It is easier for beginners to work with graphical tools that are not as accurate as text editors.

Hypertext Markup Language (HTML)

HTML (HyperText Markup Language) is the backbone of coding and the backbone of most Web pages. HTML allows you to publish text and graphics, spreadsheet content, and even create reports from databases for interactive reading. It is great for organizing and formatting static information of any type, as it allows you to:

● set the size and font of the text;
● format the text in bold, italic or underline;
● set links to other pages;
● insert images;
● create page titles;
● create tables;
● embed the metadata necessary for the search engines to work.

Note:
Metadata refers to hidden data that does not appear on a Web page, but can be detected by an engine search, which will allow you to get to a given site.

Three types of HTML descriptors are used.

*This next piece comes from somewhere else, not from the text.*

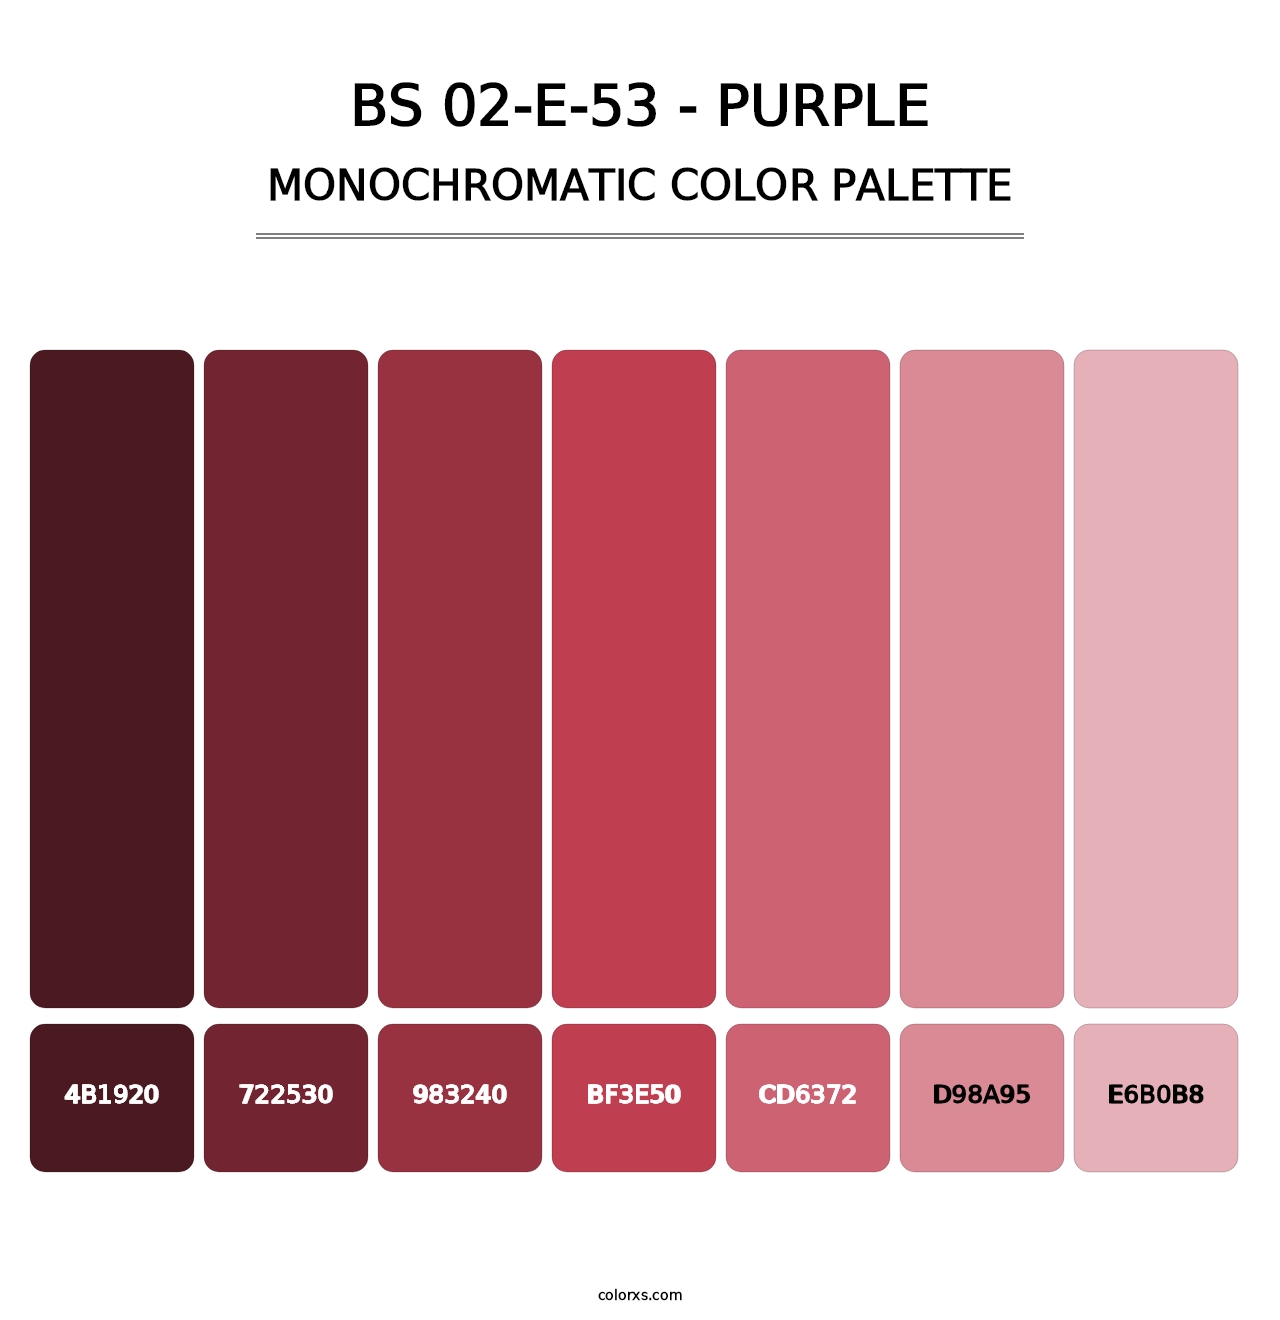 BS 02-E-53 - Purple - Monochromatic Color Palette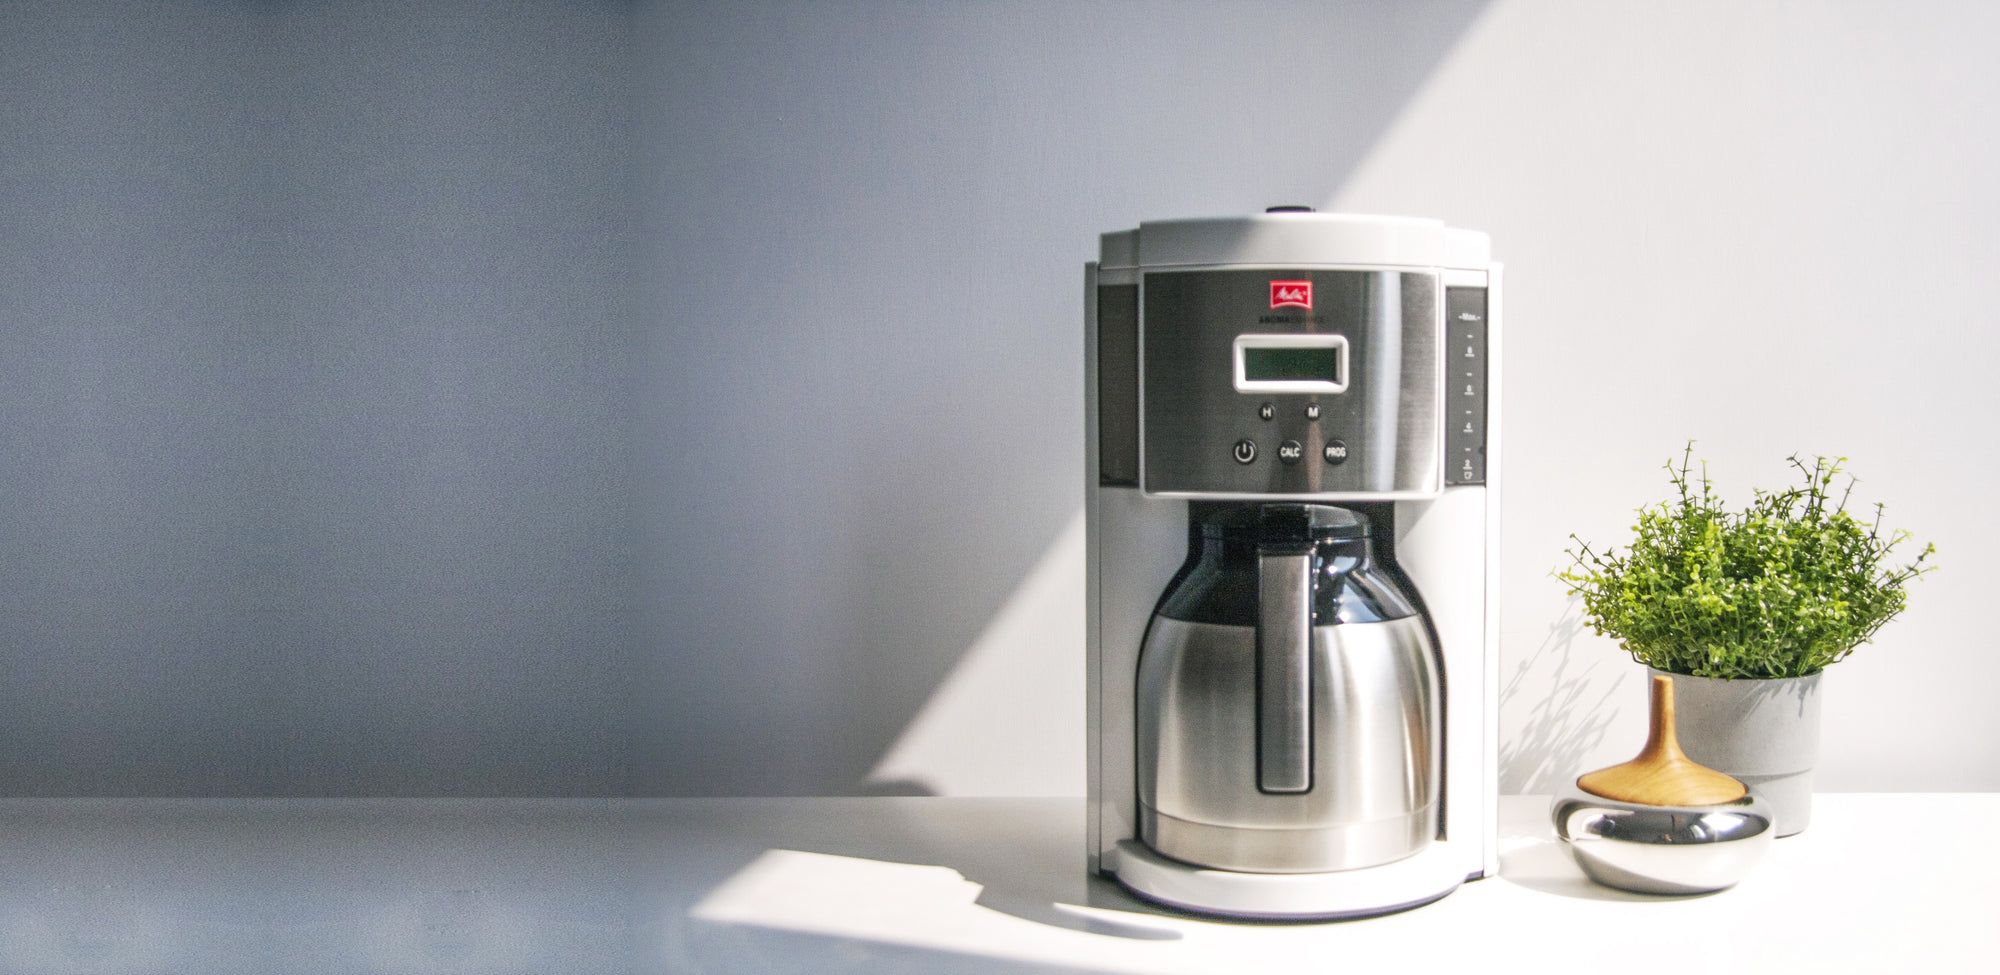 Wabilogic Melitta Aroma Enhance coffee maker wfh coffee home coffee corner

● For formatting text or individual characters.
● For formatting paragraphs or other large text blocks.
● Invisible descriptors that provide other functionality, such as metadata, to perform searches.

The main advantage of HTML over other markup languages ​​is its tremendous versatility. The current version of HTML is supported by almost any browser (modern and graphical, of course). This is not always true for dynamic HTML (DHML), XML, Java, and ActiveX. If you want your Web sites to be accessible to all kinds of browsers, we recommend using HTML.

Dynamic HTML (DHML)

Dynamic HTML (Dynamic HTML - DHML) is more flexible than HTML.
Instead of exposing a static Web page to the public, you can use DHTML and create a Web page that a user can customize without disrupting the look of the original document. For example, a page rendered with DHTML might contain various elements that the user can move around the page to rearrange its content (to their liking). However, when you refresh (refresh) the images on the page, the changes disappear and it returns to its original form.
DHTML supports the following features that are not available in HTML.

● Dynamic styles.
● Precise positioning.
● Data binding.
● Dynamic content.

Do you not understand what it is? Don't worry - below are explanations.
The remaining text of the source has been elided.